Exchanges are in a difficult position once the 'head' of ethereum tells them to stop. It's a sign that the blockchain might be forked, so any further trades they make might be undone - they simply have little choice but to stop after being told to do so.
> but they didn't halt trading until they were asked to, so clearly it wasn't totally in their interests?
Not at all. This is a classic "coordination problem". It is advantageous for many participants in the overall system to take an action, but only if the other participants are ALSO taking the action. In such a case, a widely followed and popular leader is one possible coordinating mechanism. And it does not give that popular leader the ability to do ANYTHING, only things that actually ARE popular but require coordination.
Nobody has to follow the leader. Want to keep your exchange trading? Go ahead - nobody can stop you. It just so happens that everybody agrees this time.
I don't agree. Centralised control would mean one person can change anything. Decentralised doesn't mean that nobody can propose a solution - only that others have to agree on it before it goes live.
How do you imagine decentralised decisions happening otherwise?

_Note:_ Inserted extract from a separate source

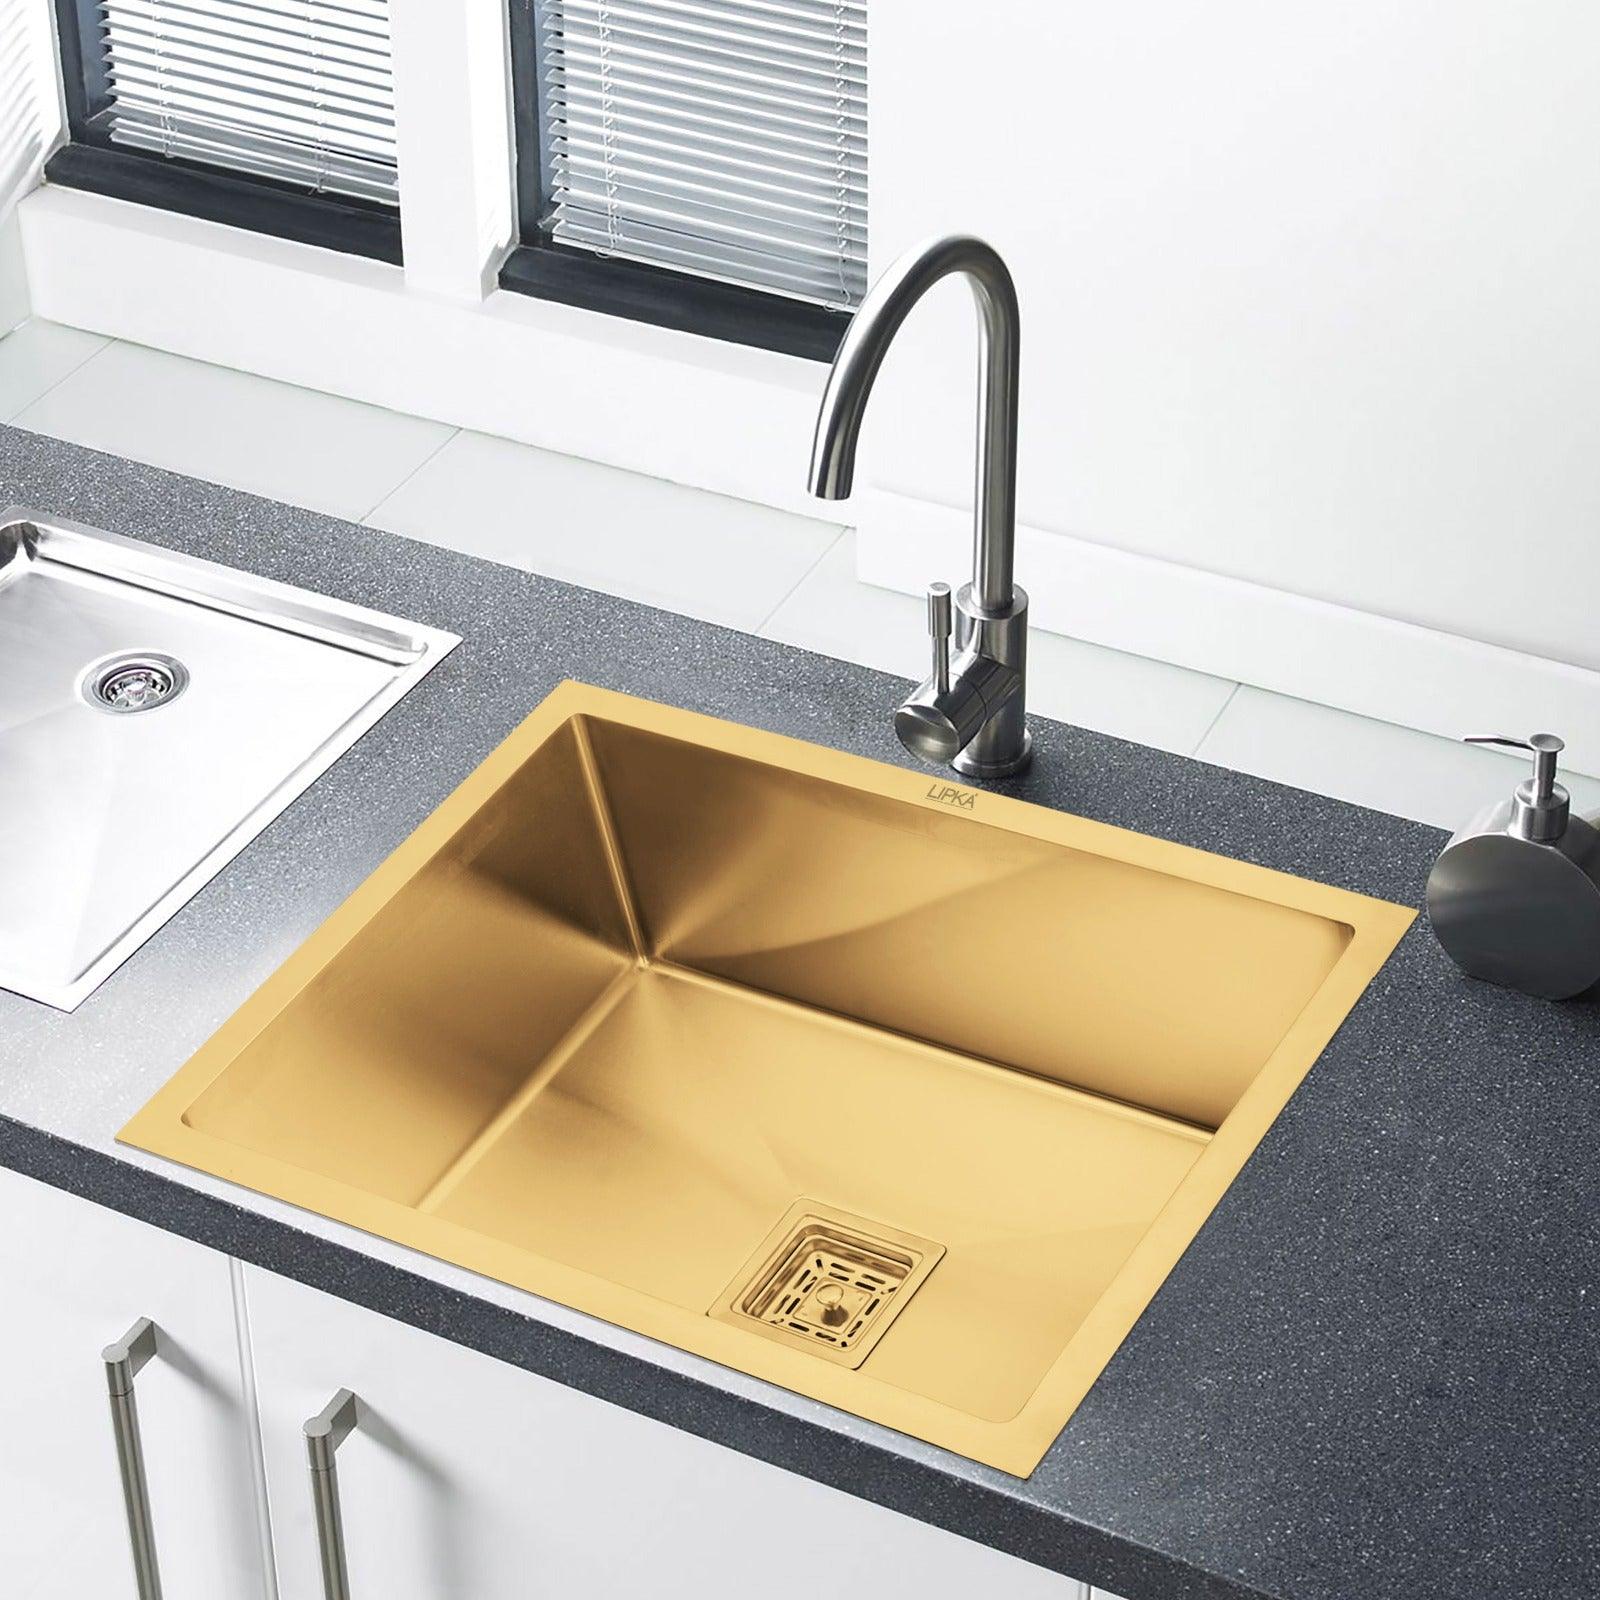 Handmade Yellow Gold PVD Coated Single Bowl Kitchen Sink (24 x 18 x 10 Inches) - LIPKA - Lipka Home

Everyone choosing their own solution without ever talking to each other and seeing what is most popular?
I'm not sure whether we are redefining it... I suppose it depends on what definition you were starting with!
My idea of "decentralized" includes things like "continues to function perfectly well if any one person or small group is removed from the process" and "continues to function perfectly well if any one person or small group becomes malicious".
In this case, if Vitalik Buterin were not around to announce the problem, someone else could announce it and that would provide a coordinating signal for all of the independent players to act on. If Vitalik Buterin were malicious and decided to announce a rollback of a big spend he had done, then the independent miners and mining pool operators would (I hope) choose to ignore the announcement and refuse to participate.
I guess to me, having a centralized group or individual make decisions seems to violate "decentralized", but having one of several possible groups or individuals make announcements which signal the population to take action does not.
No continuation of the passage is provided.